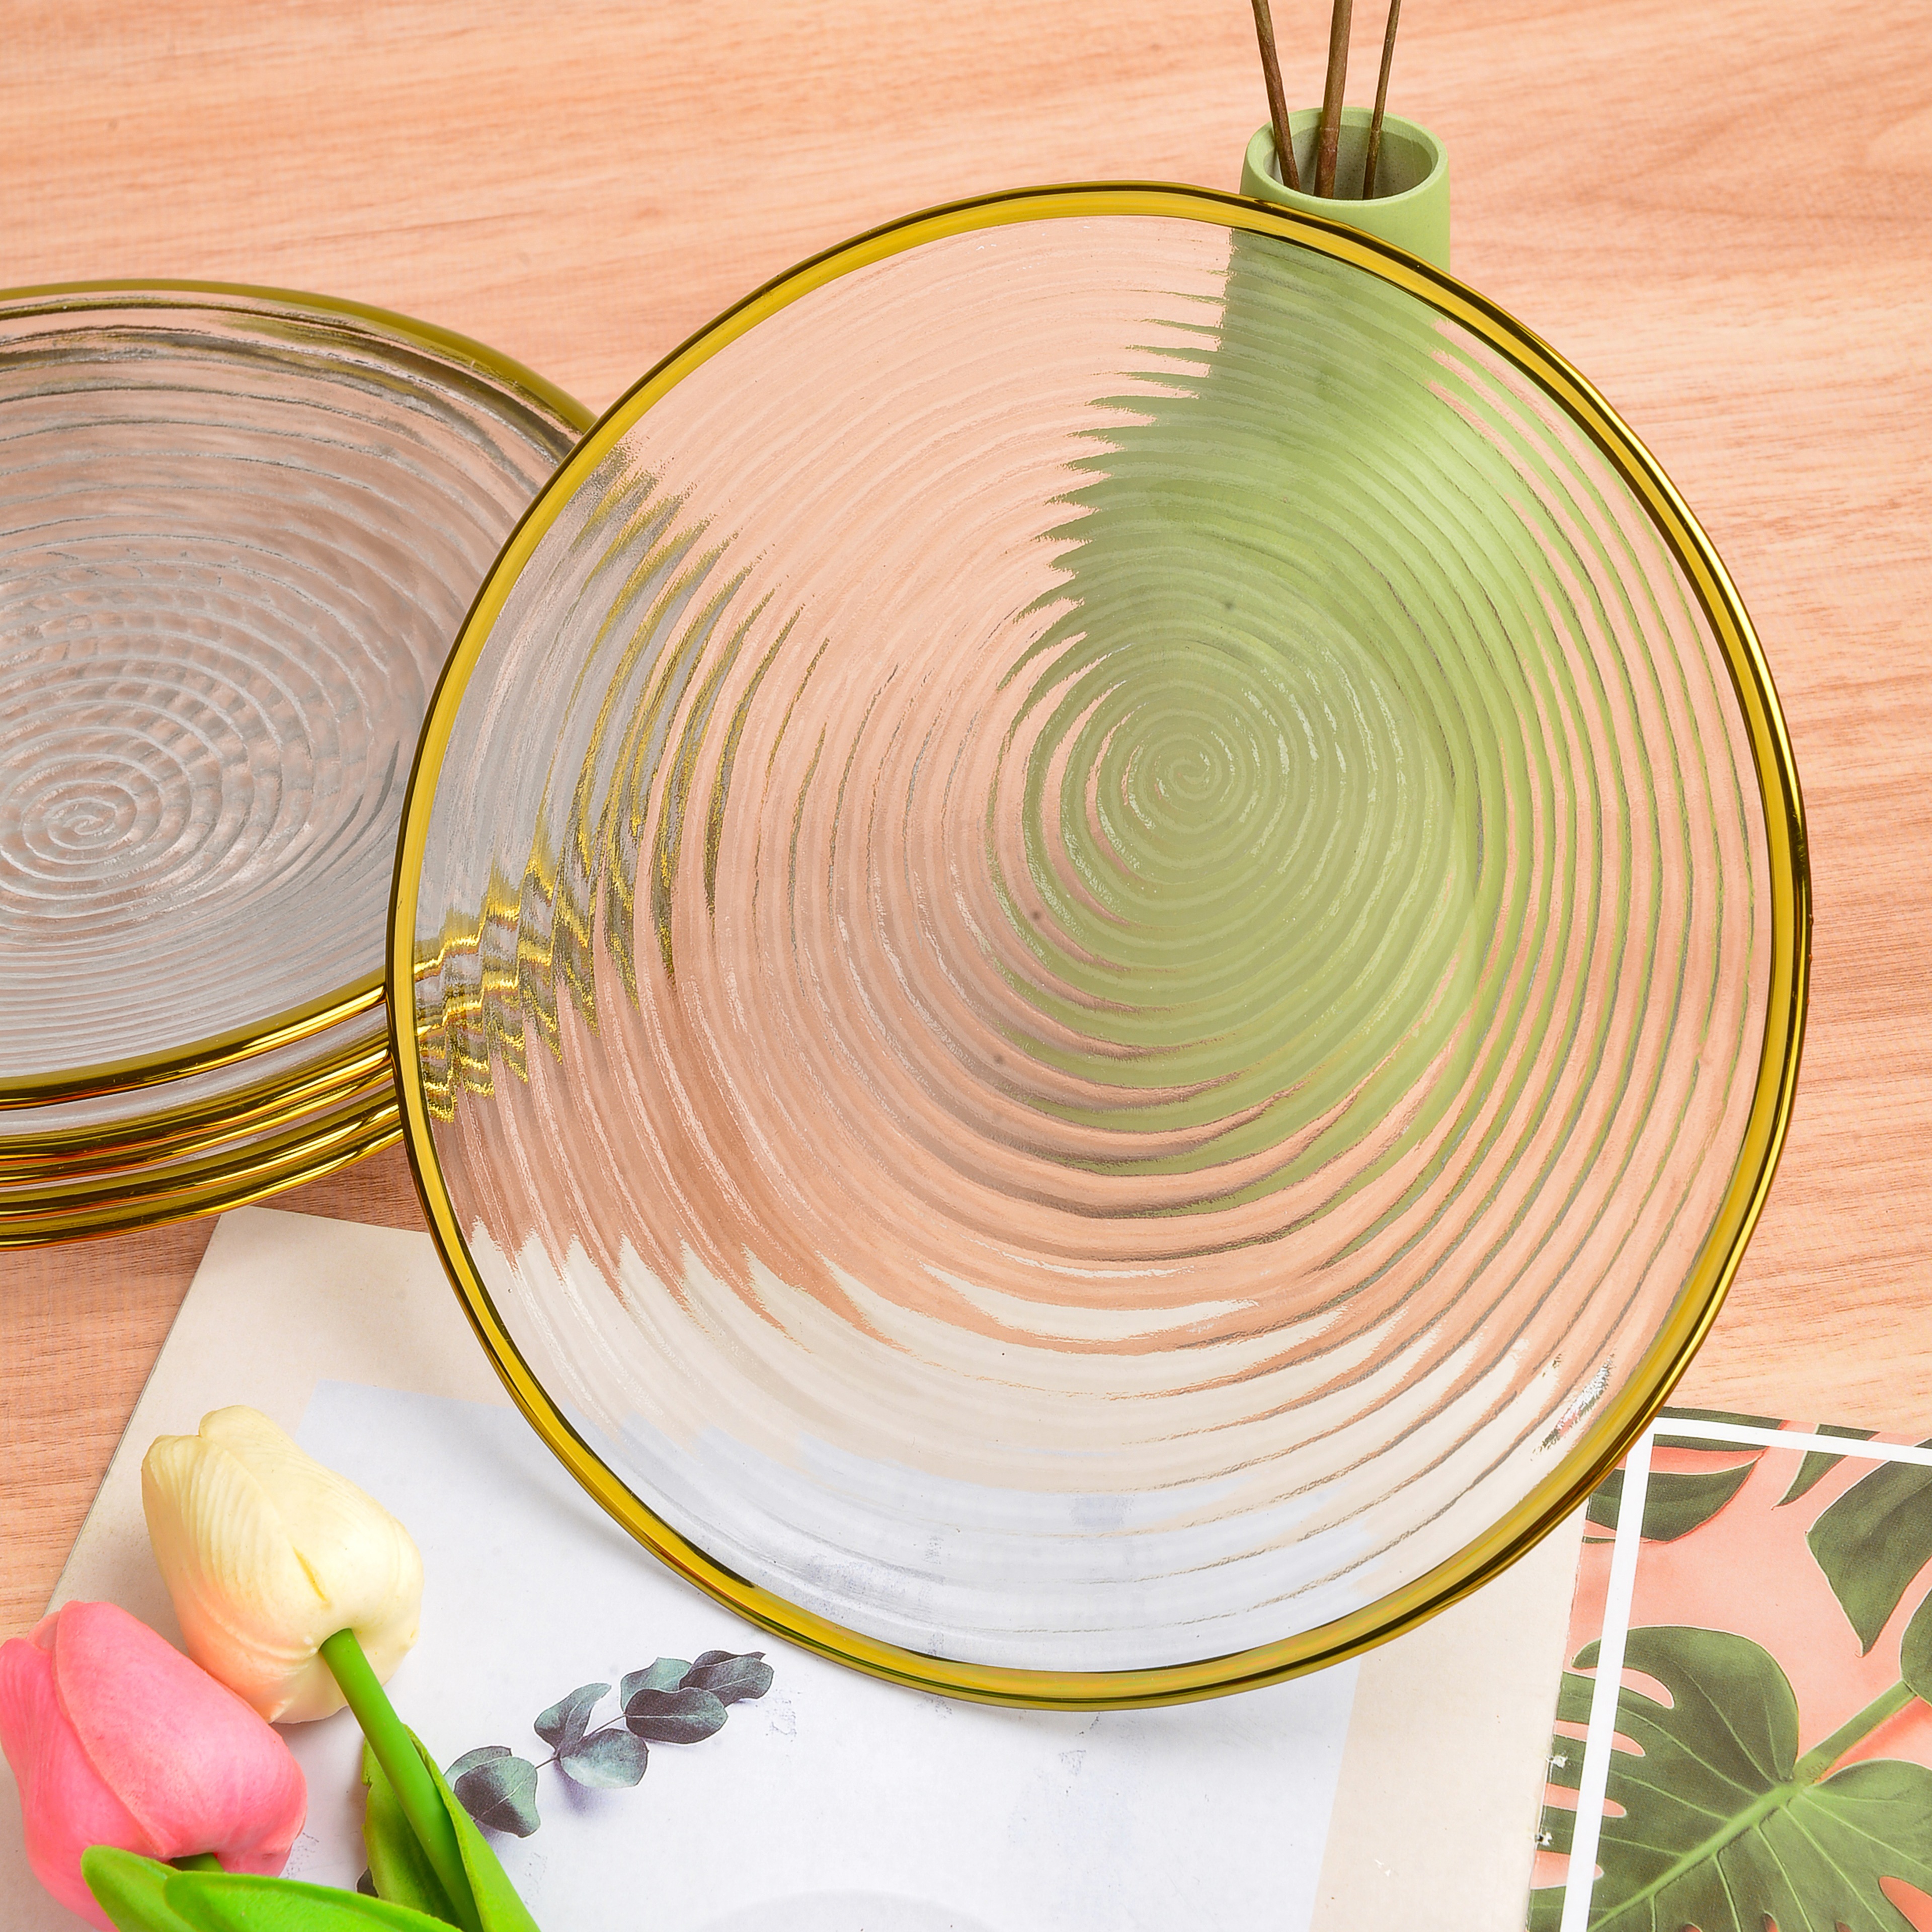 水晶玻璃水果盘客厅家用创意花语网红金边螺旋纹水果篮北欧风格糖果零食碟大号
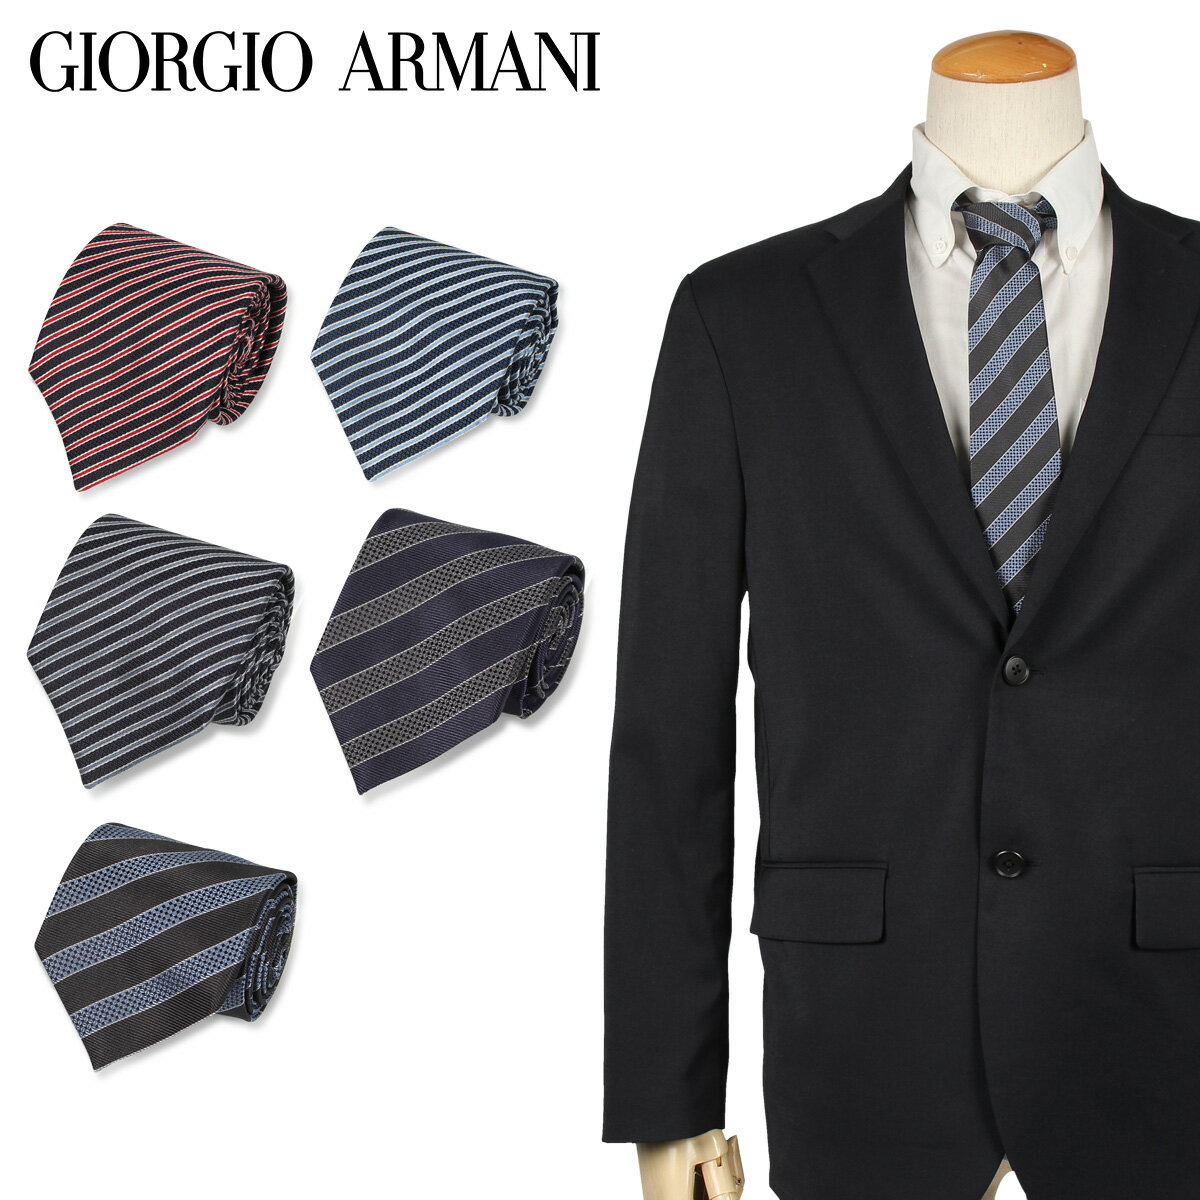 スーツ用ファッション小物, ネクタイ  GIORGIO ARMANI 
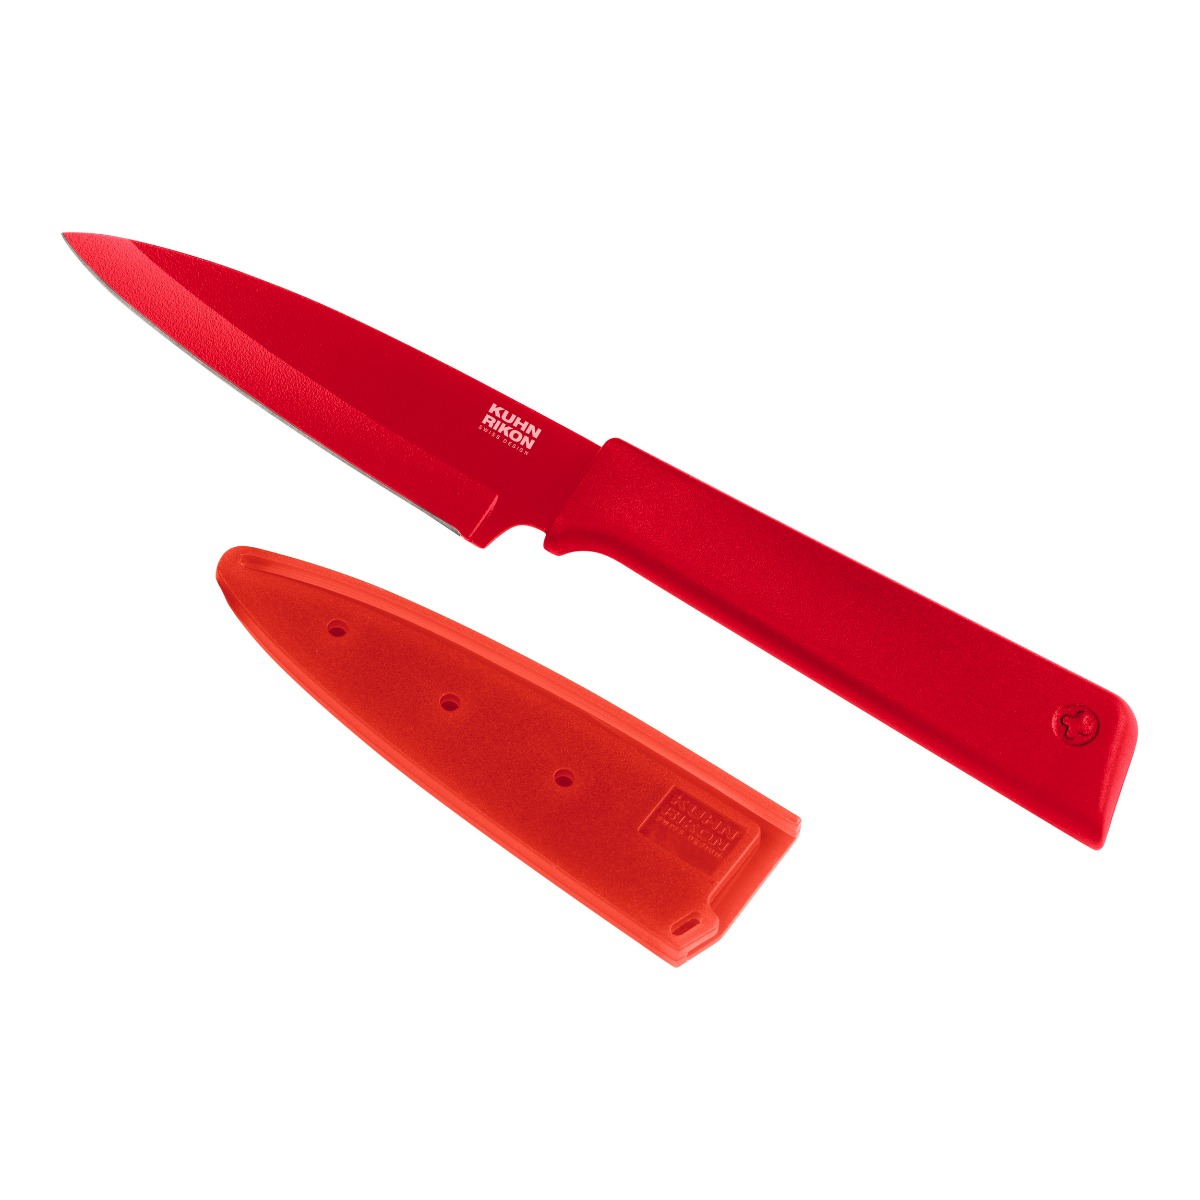 Kuhn Rikon - Colori(r)+ Paring Knife red
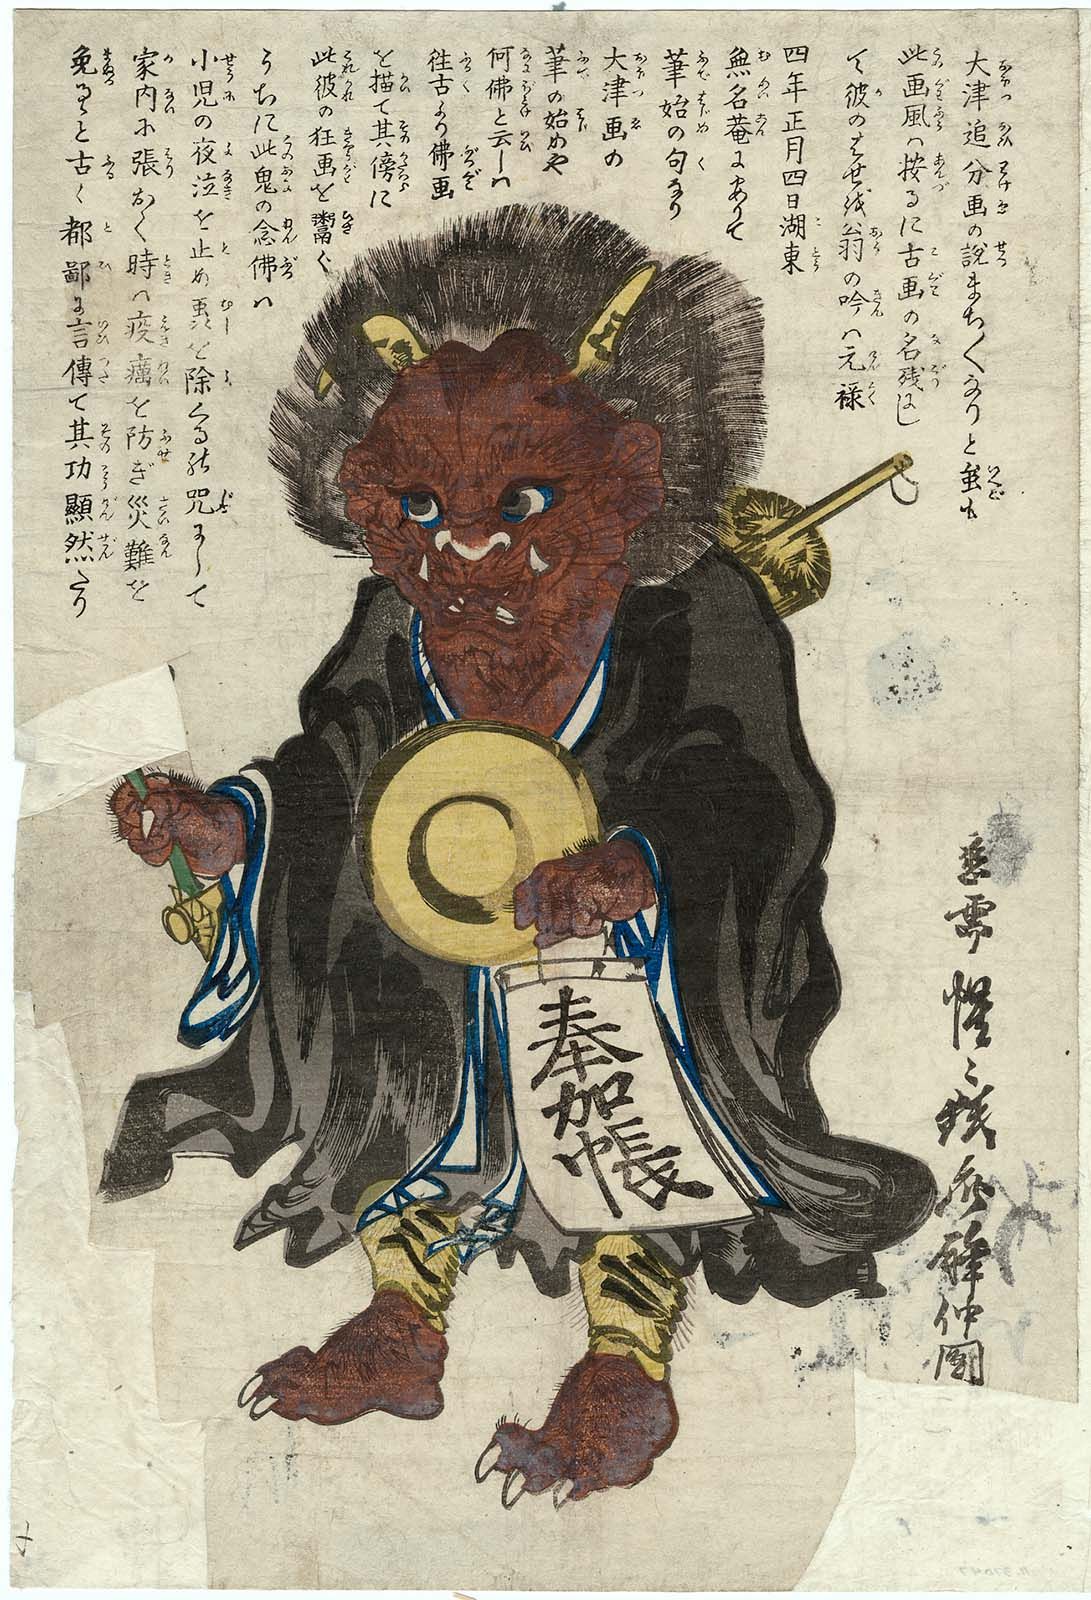 大津絵：鬼の念仏 by Kawanabe Kyōsai - 1860年代 - 35.8 x 24.3 cm

TO DO: Starting with the line that holds "Kuhn Rikon - Colori(r)+ Paring Knife red", copy every line exactly through the final line of the material, but skip the pictures.

REPLY TO THE TASK:
 Kuhn Rikon - Colori(r)+ Paring Knife red
 大津絵：鬼の念仏 by Kawanabe Kyōsai - 1860年代 - 35.8 x 24.3 cm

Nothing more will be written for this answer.